Indian singer and lyricist (1943–2016)

Lourenco Alexinho Fernandes (17 July 1943 – 26 April 2016), popularly known as Lawrence de Tiracol or Larry, was an Indian singer, lyricist, theatre director, playwright, and engineer who worked on the Konkani stage.

==Early life==
Lourenco Alexinho Fernandes was born on 17 July 1943, in Bombay, British India. Raised in the Goan settlement of Dabul, Fernandes received his education at St. Sebastian Goan High School. Like many Goans, he was introduced to tiatrs at an early age and developed a deep passion for the art form. After completing his engineering studies, Fernandes embarked on a successful career with Otis Worldwide, a multinational corporation specializing in the manufacturing of elevators and escalators. His professional responsibilities eventually led him to the Middle East, where he was entrusted with overseeing Otis's business interests in various countries, including Iran, Saudi Arabia, Dubai, and others. For a period of 18 years, Fernandes dedicated himself to his work in the Middle East, gradually distancing himself from the Konkani stage and focusing on his corporate endeavors.

==Career==
Fernandes made his debut in the Konkani stage at a young age of 12–14. He was introduced to the stage by Francis de Parra in the tiatr production titled Sotchem Bhirad. Throughout his career, Fernandes had the privilege of sharing the stage with tiatr personalities such as Kid Boxer, C. Alvares, Francis de Parra, Rico Rod, Star of Arossim, Seby Coutinho, Souza Ferrao, Remmie Colaco, and Anthony Mendes, among others. Notably, his collaboration with Jessie Dias in Bombay led to numerous memorable duets performed live on stage.

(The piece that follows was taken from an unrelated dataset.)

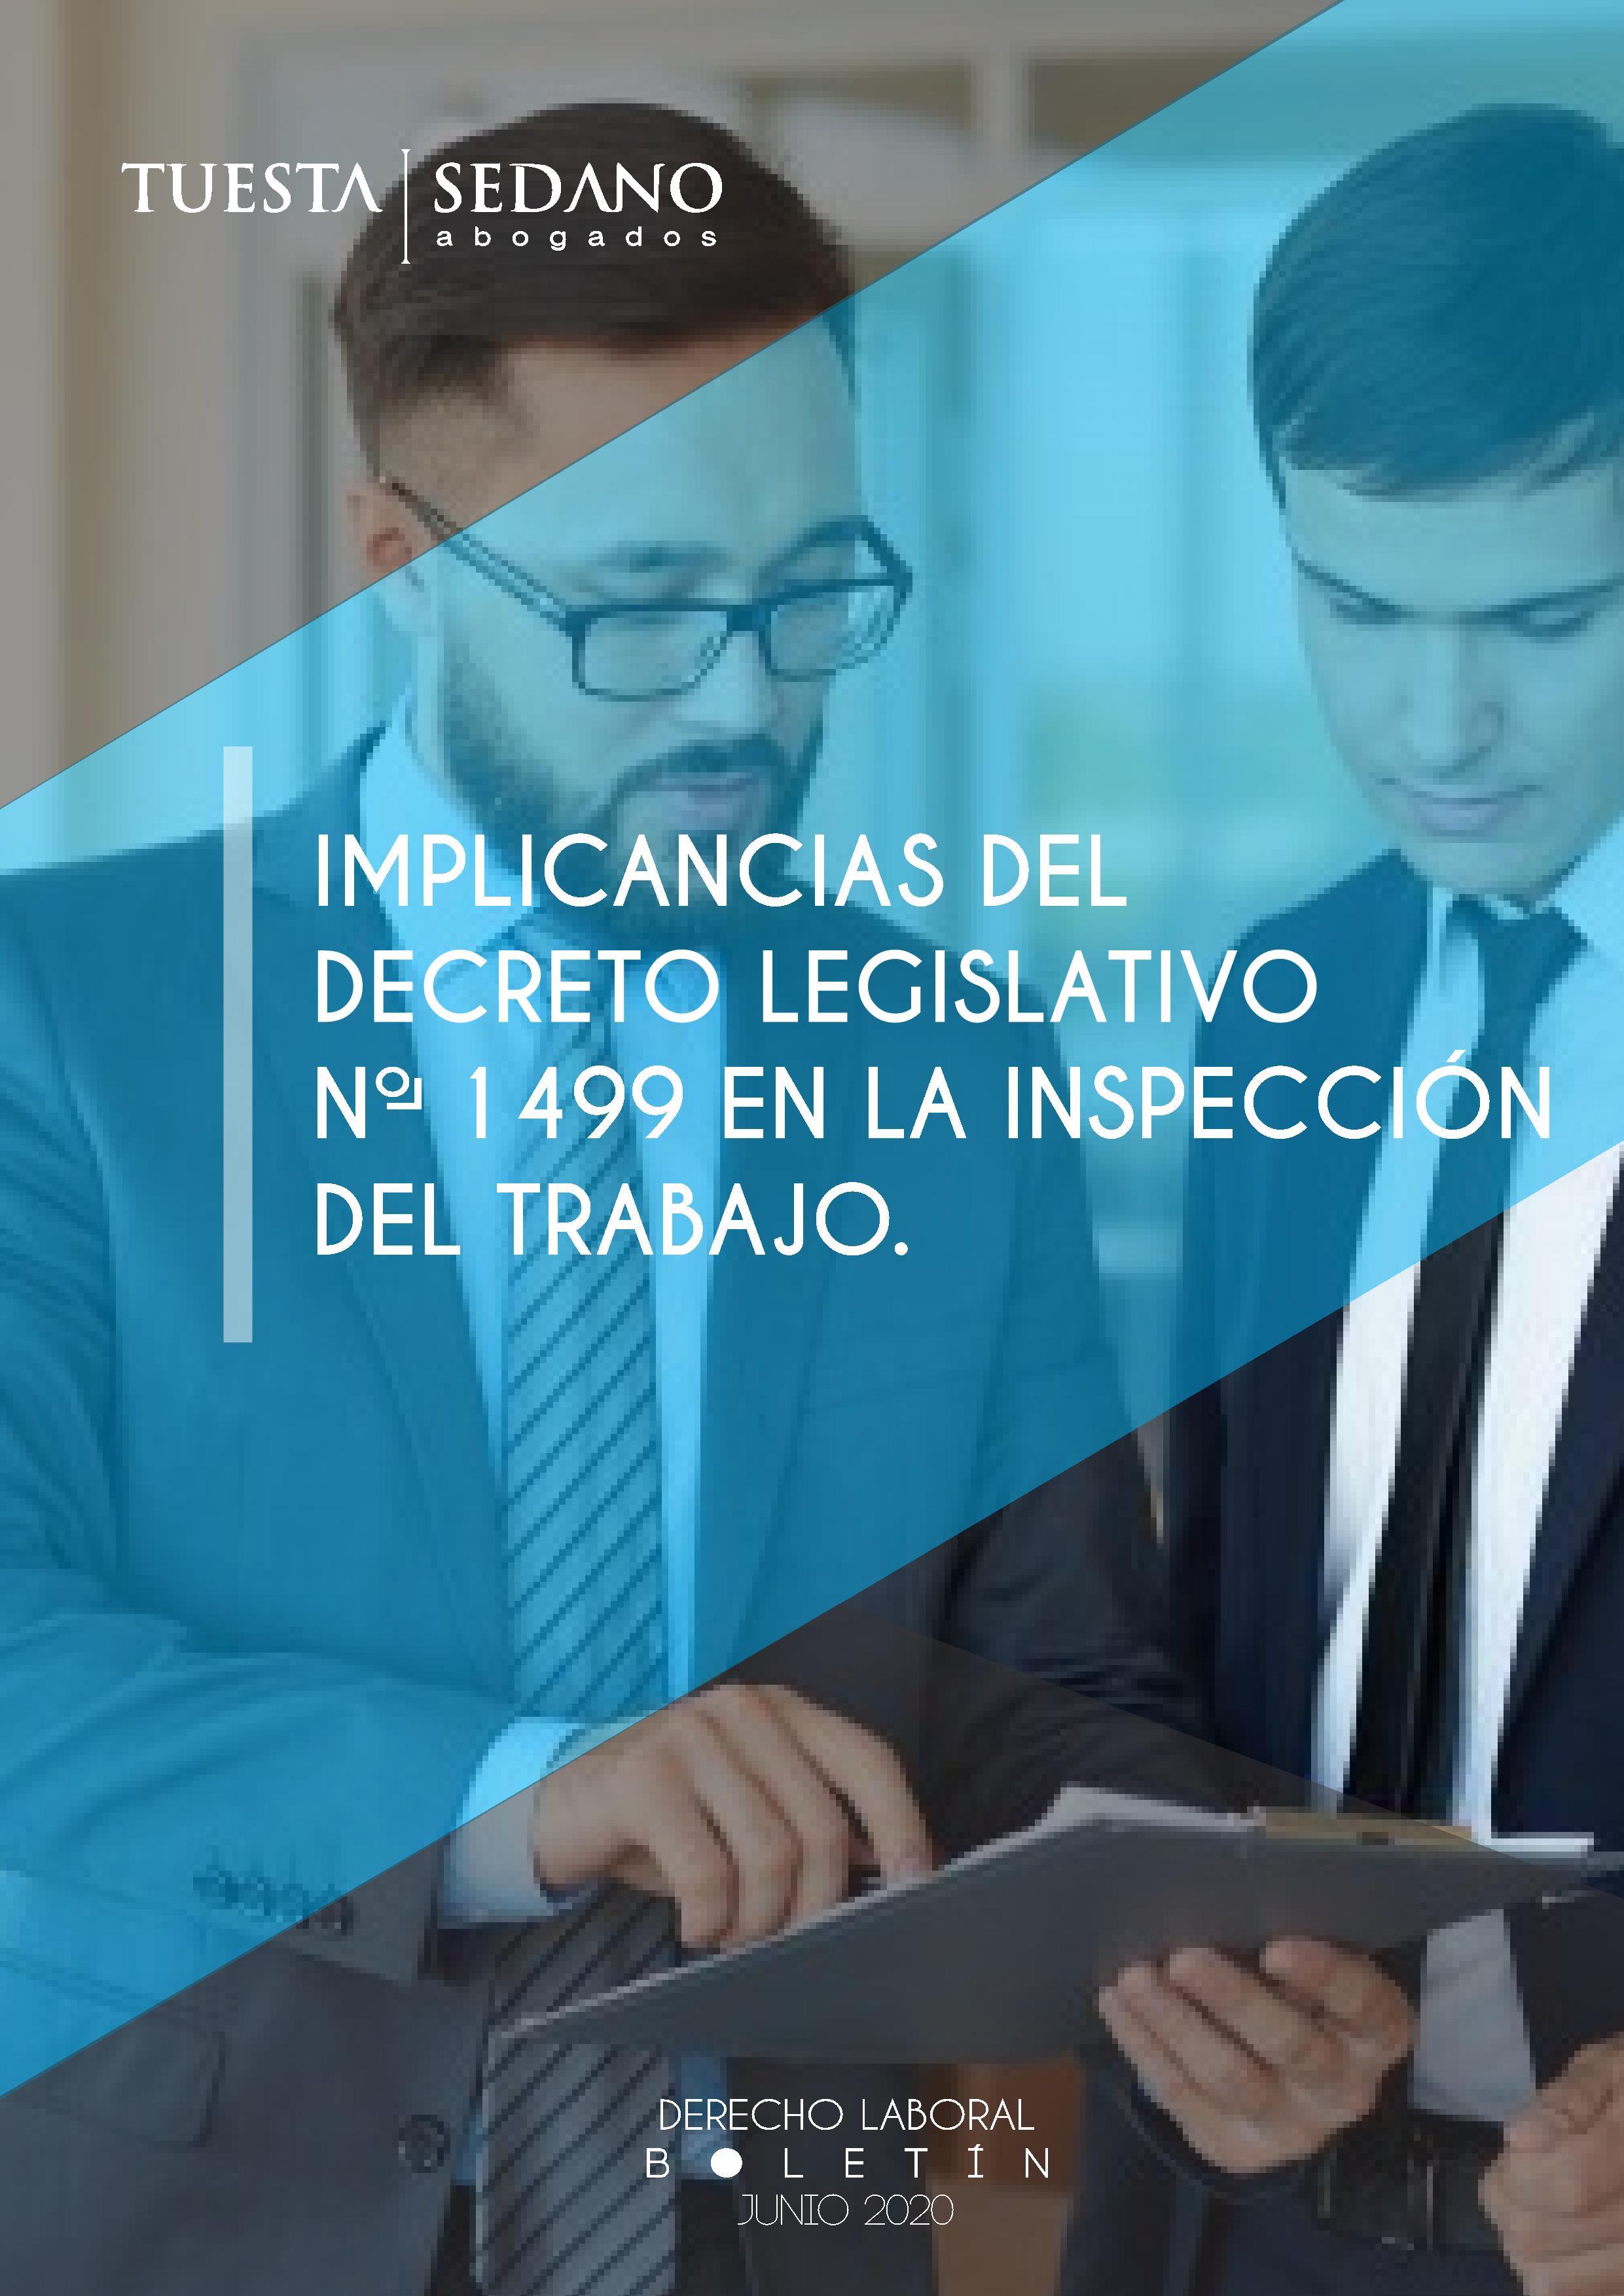 1-IMPLICANCIAS DEL DECRETO LEGISLATIVO No.1499 EN LA INSPECCIÓN DEL TRABAJO

During his time in Bombay, Fernandes actively participated in the Konkani music scene. He engaged in acting and singing in various tiatrs, contributing to the vibrant cultural landscape. However, it was his work behind the scenes that truly made an impact. From 1994 to 2012, Fernandes produced a total of 44 high-profile Konkani music albums, showcasing his talent to the art form. While away from his hometown of Bombay and Goa, Fernandes continued his creative pursuits by writing song lyrics and compiling them. Upon his return to Bombay in 1994, after completing an assignment in the Gulf, he took the opportunity to produce his first audio cassette O Daina under the label of Tips Industries. This initial success was followed by another album titled Bhangarache Tandul released by His Master's Voice later that same year.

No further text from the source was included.